*** Opening of PROVIDED DATA ***
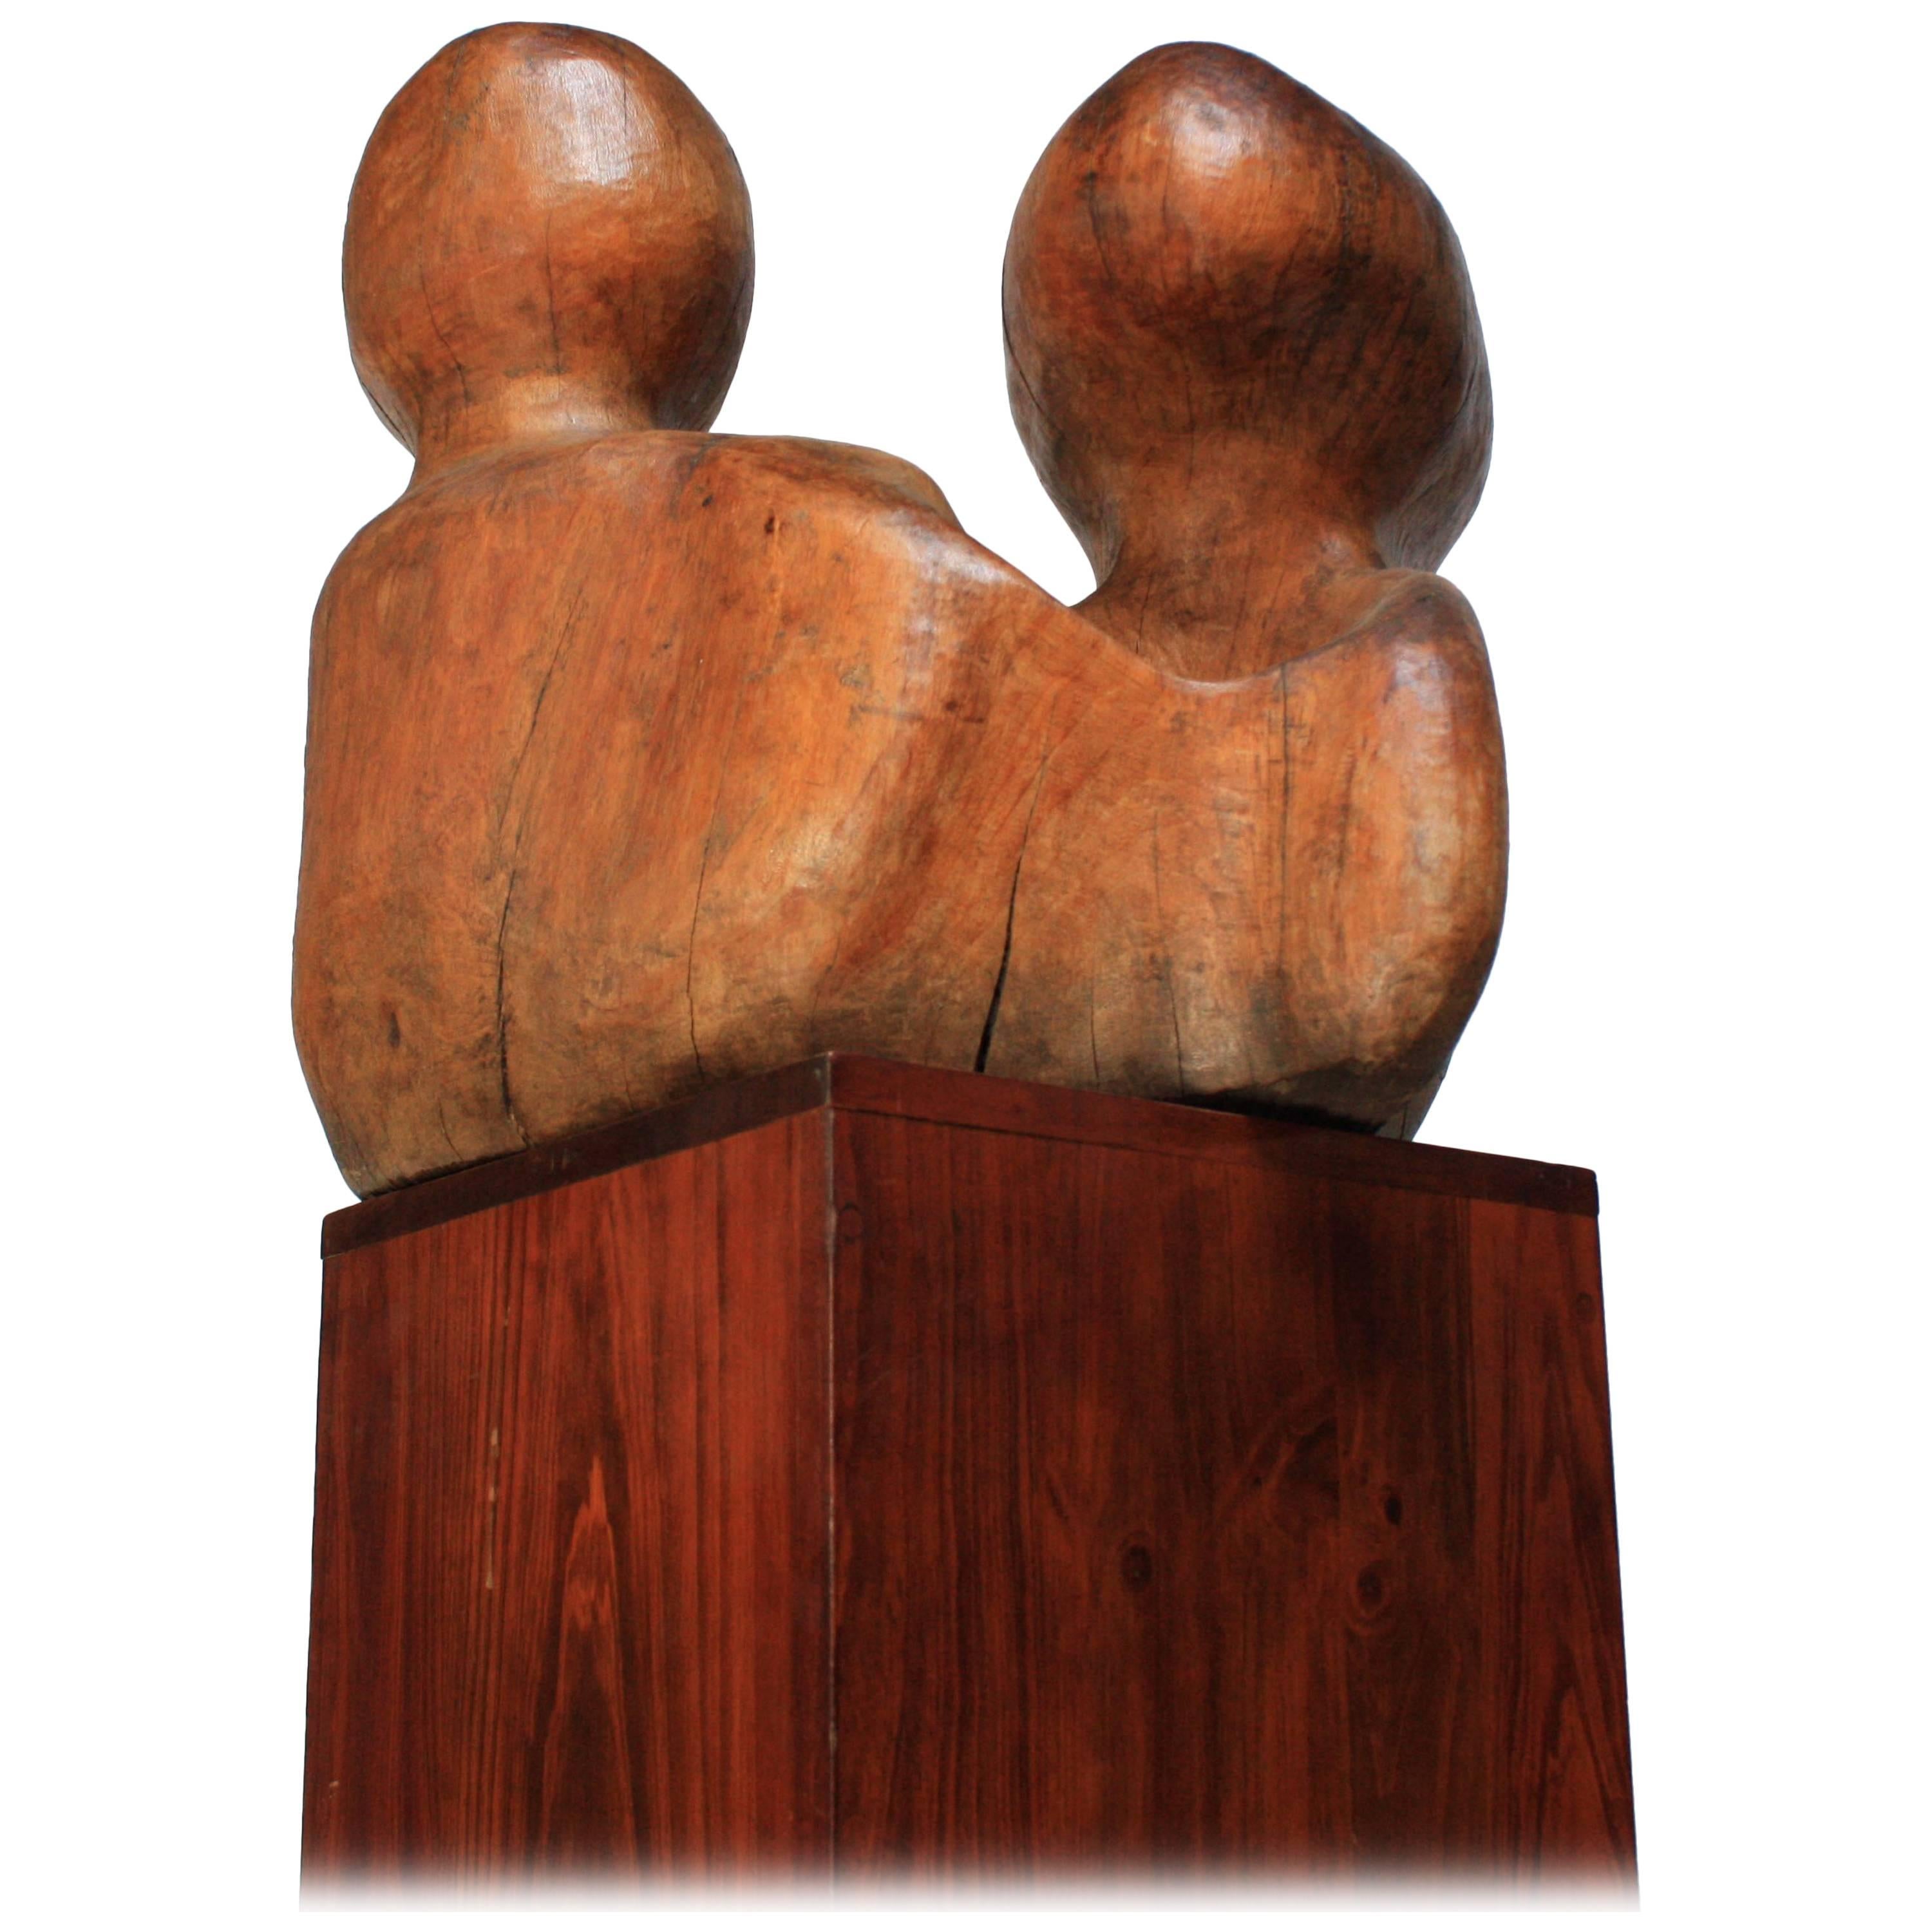 Free-Form Burl Wood 'Head' Sculpture
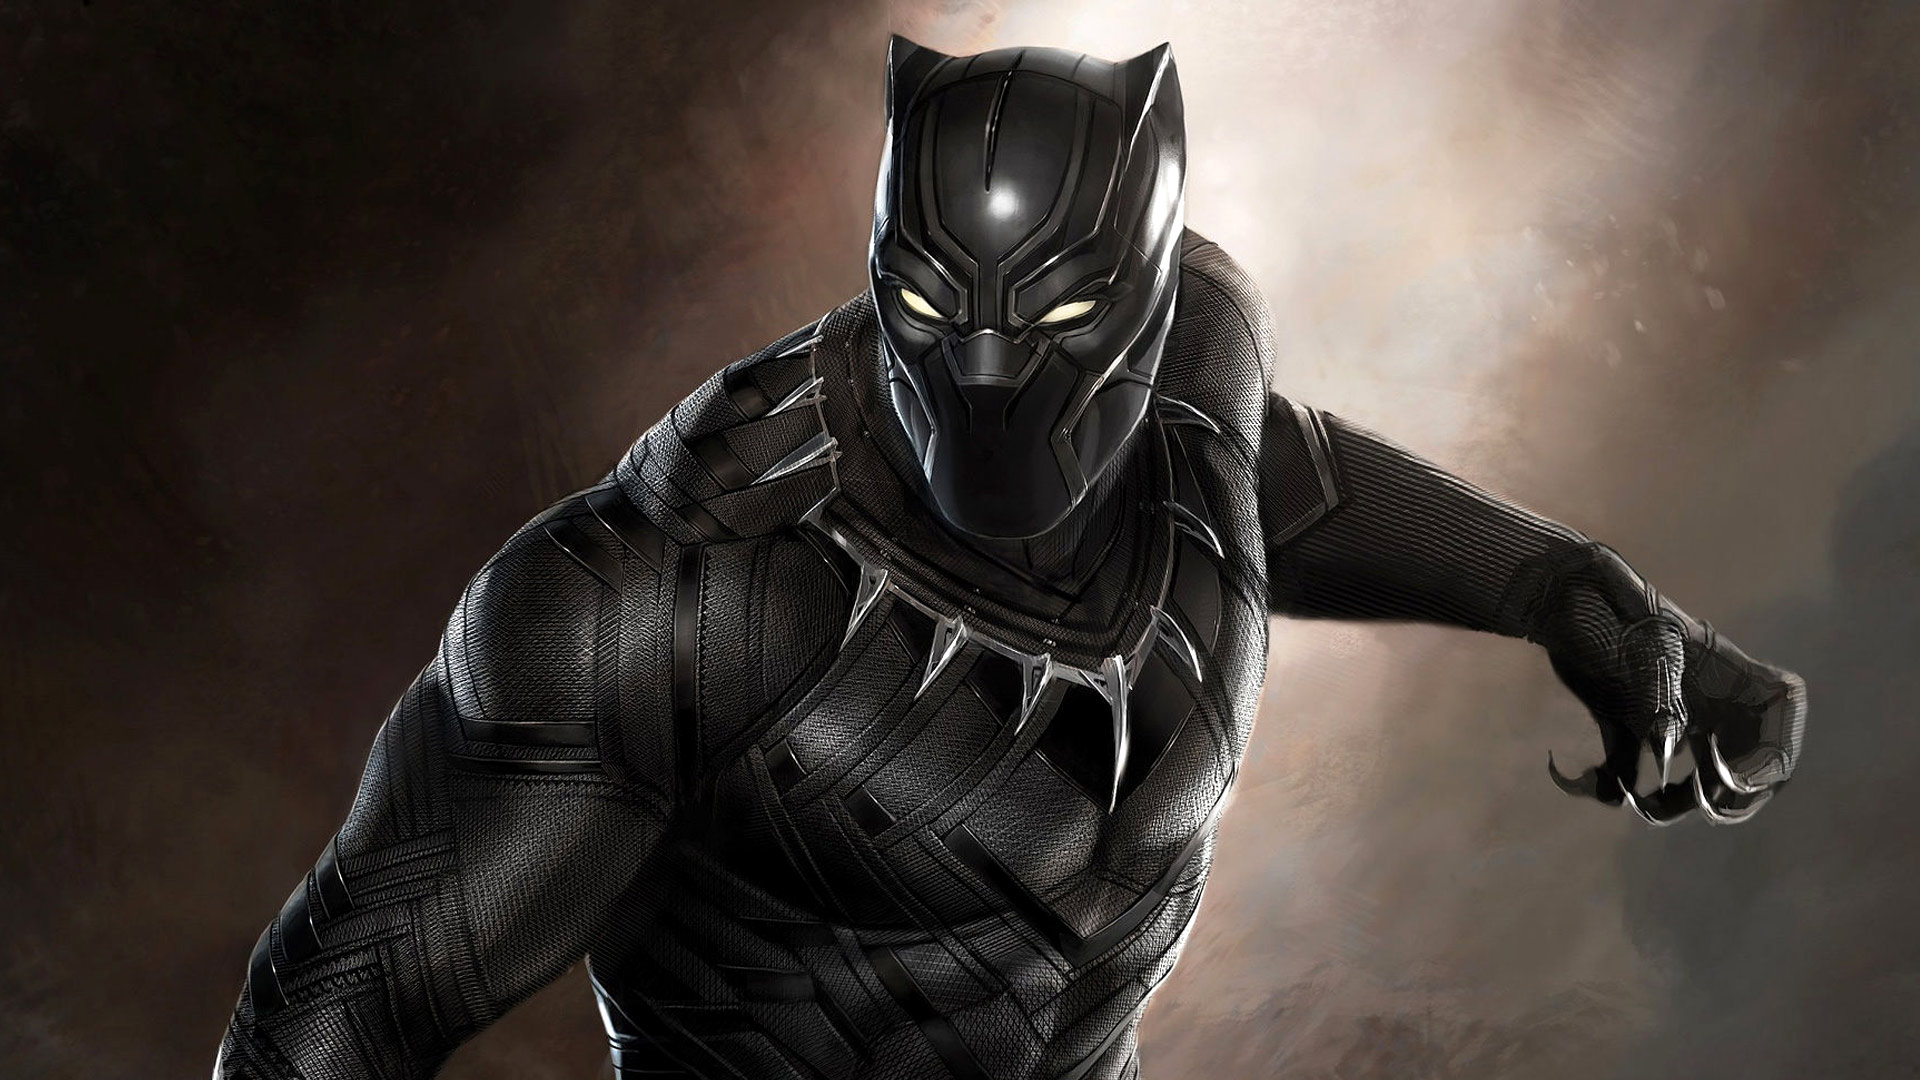 Black panther civil war costume
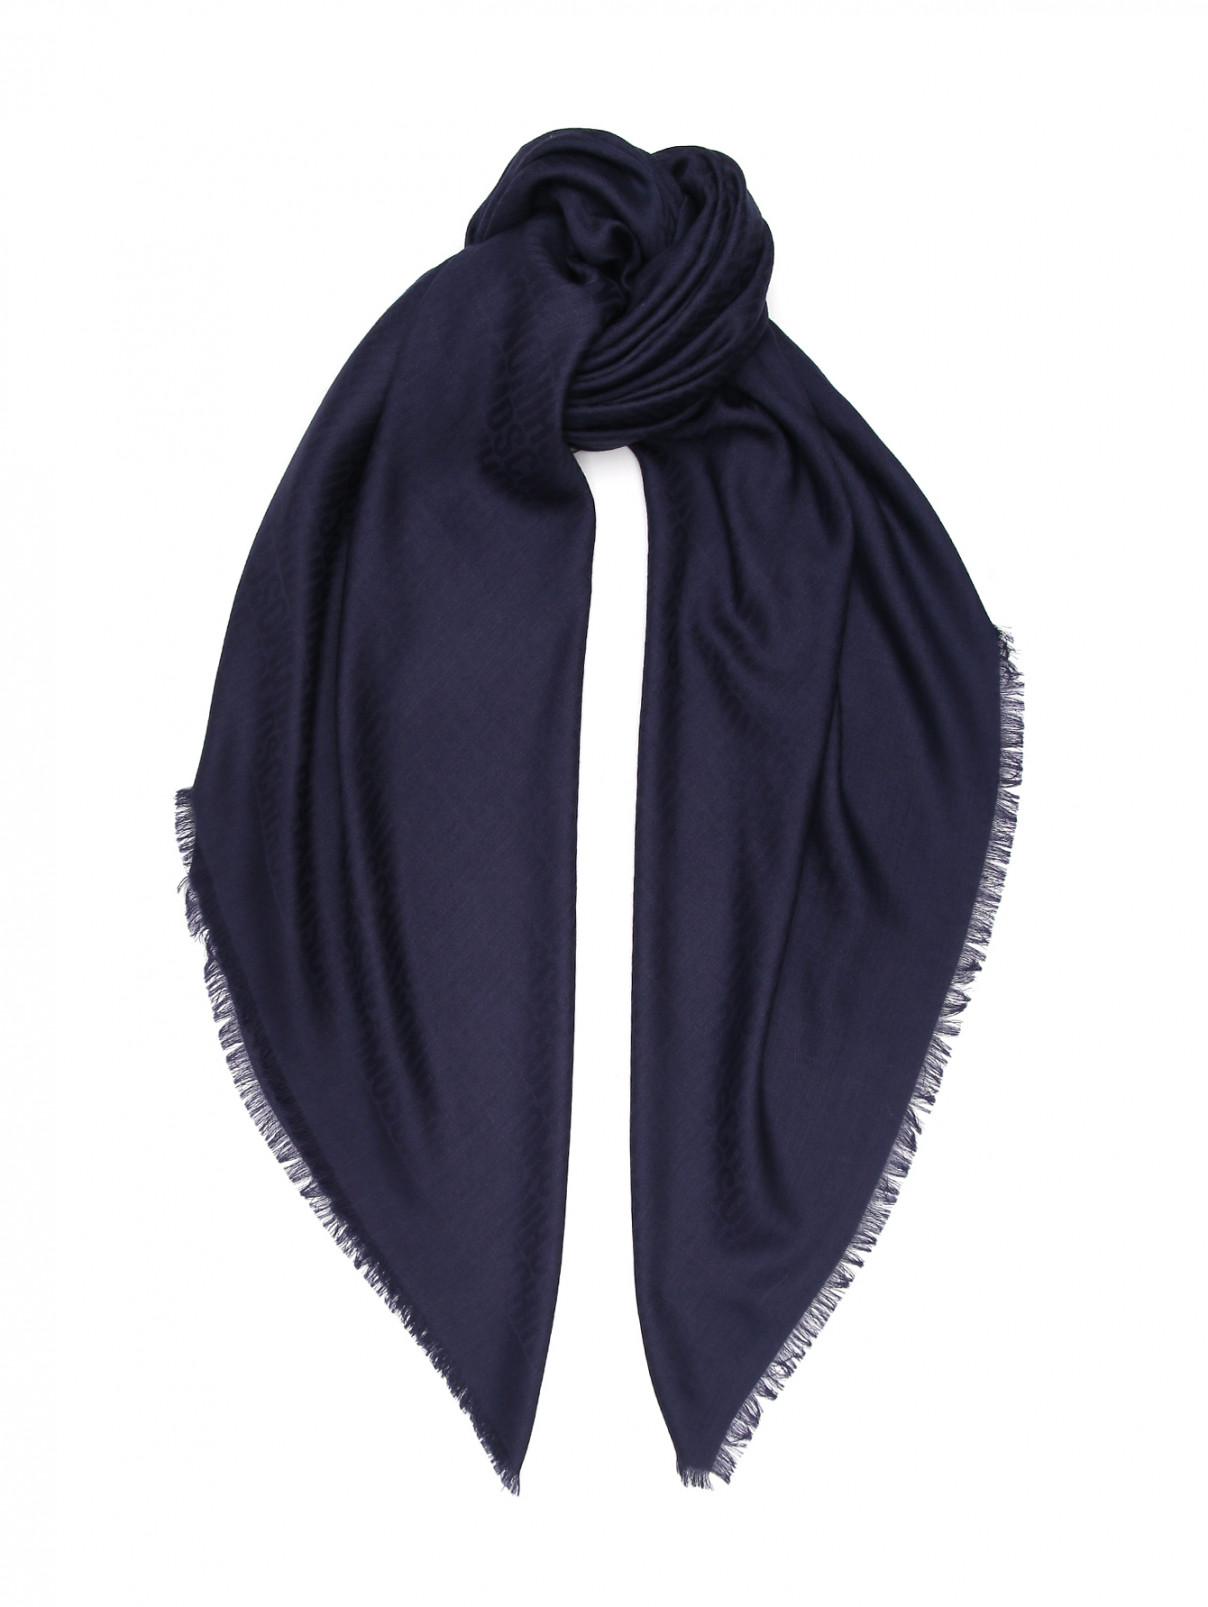 Платок из шерсти и шелка с бахромой Moschino  –  Общий вид  – Цвет:  Синий
*** Close of PROVIDED DATA ***
**WORK TO COMPLETE:** Copy every line of the data word for word, omitting the images.

**RESULT FOR THIS EXERCISE:**
 Free-Form Burl Wood 'Head' Sculpture
 Black panther civil war costume
 Платок из шерсти и шелка с бахромой Moschino  –  Общий вид  – Цвет:  Синий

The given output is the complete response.